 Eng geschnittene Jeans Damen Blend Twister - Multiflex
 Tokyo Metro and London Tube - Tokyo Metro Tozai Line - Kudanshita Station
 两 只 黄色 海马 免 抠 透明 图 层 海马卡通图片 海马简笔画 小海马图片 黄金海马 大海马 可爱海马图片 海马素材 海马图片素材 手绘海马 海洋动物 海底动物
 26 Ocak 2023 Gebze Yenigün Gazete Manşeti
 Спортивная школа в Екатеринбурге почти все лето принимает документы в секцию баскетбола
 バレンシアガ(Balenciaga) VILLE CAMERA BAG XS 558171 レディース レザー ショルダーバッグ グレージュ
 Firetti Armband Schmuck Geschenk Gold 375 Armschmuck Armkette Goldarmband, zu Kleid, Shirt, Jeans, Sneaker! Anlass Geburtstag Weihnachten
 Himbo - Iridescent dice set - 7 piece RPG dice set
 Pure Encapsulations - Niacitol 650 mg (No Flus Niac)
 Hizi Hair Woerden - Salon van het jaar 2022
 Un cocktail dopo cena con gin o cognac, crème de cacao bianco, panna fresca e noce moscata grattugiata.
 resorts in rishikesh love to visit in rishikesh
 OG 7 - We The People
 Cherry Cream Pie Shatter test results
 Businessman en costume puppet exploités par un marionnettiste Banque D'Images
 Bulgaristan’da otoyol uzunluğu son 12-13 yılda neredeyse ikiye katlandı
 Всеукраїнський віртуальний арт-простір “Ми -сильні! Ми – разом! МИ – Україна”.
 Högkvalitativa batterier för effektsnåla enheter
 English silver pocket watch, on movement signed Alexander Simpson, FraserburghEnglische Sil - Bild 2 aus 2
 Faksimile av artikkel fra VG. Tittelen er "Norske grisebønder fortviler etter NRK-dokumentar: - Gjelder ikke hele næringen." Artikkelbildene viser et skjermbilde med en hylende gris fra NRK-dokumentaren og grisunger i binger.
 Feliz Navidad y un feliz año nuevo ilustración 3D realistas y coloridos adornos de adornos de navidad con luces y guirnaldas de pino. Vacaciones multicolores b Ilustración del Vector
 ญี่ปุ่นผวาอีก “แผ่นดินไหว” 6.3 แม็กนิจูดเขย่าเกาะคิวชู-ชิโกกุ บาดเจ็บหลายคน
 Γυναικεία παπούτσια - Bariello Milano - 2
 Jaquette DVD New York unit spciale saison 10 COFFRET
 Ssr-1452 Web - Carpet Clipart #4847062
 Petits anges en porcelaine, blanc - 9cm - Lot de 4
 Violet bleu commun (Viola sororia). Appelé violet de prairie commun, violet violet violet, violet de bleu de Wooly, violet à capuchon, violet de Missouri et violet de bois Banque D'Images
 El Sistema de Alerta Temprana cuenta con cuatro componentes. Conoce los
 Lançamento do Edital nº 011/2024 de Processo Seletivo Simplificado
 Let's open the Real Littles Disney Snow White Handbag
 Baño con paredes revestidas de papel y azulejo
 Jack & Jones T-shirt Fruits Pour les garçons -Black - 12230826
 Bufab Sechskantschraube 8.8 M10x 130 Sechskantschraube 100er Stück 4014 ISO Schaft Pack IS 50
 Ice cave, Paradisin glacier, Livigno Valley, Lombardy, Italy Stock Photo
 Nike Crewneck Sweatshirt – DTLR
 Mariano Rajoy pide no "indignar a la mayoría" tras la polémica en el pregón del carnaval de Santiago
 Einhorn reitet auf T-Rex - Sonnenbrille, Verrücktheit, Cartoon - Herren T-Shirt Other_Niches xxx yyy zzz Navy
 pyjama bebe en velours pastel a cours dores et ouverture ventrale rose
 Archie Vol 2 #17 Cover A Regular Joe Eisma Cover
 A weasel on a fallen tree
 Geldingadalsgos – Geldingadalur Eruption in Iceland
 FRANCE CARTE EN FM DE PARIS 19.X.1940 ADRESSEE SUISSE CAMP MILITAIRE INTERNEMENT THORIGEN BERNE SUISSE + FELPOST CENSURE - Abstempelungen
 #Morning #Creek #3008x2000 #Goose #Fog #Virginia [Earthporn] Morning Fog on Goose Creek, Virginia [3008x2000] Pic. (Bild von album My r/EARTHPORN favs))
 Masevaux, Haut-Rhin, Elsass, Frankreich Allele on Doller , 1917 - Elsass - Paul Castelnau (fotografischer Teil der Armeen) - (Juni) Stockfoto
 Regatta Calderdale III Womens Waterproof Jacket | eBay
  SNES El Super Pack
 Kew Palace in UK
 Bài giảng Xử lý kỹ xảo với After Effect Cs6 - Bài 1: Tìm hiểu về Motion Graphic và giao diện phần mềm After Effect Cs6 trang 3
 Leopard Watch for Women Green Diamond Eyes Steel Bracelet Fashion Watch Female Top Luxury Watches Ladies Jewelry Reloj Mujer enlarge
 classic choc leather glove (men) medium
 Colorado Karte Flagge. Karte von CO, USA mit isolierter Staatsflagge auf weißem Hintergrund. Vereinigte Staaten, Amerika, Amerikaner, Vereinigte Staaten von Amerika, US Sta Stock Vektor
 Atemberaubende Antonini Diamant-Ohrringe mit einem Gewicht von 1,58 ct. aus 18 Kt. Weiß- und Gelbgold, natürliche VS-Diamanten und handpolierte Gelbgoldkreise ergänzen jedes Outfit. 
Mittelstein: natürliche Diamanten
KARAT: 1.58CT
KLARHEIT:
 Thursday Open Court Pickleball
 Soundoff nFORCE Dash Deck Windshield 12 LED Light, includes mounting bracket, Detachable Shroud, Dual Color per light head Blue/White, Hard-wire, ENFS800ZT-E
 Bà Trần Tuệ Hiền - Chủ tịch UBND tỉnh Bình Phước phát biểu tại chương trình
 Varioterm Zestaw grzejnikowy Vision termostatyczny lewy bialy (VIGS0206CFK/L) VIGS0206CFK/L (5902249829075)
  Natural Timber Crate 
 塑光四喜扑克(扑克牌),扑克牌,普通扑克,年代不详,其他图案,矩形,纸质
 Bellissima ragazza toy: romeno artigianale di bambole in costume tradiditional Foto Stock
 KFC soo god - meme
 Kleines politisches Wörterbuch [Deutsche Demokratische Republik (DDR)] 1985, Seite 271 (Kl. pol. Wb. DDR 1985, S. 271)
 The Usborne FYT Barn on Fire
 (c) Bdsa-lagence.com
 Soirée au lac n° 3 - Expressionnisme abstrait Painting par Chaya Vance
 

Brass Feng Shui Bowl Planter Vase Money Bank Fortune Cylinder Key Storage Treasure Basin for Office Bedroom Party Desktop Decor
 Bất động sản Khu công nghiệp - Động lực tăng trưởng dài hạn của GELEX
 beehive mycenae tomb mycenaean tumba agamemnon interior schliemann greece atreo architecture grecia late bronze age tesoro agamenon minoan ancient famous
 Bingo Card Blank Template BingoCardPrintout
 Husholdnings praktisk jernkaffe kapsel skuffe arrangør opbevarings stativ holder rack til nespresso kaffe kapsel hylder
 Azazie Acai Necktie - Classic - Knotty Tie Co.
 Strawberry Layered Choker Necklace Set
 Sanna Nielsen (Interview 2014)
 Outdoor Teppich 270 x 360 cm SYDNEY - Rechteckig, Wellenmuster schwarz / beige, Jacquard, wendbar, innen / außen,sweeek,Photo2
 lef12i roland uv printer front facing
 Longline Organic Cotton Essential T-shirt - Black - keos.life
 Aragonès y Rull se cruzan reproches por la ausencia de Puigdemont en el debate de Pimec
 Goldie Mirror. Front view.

_Exercise goal_:
Within the listing above, extract exactly the lines from the line with "Leopard Watch for" to the line with "classic choc leather glove (men) medium", the two named lines included, and no others.

_Output for this task_:
 Leopard Watch for Women Green Diamond Eyes Steel Bracelet Fashion Watch Female Top Luxury Watches Ladies Jewelry Reloj Mujer enlarge
 classic choc leather glove (men) medium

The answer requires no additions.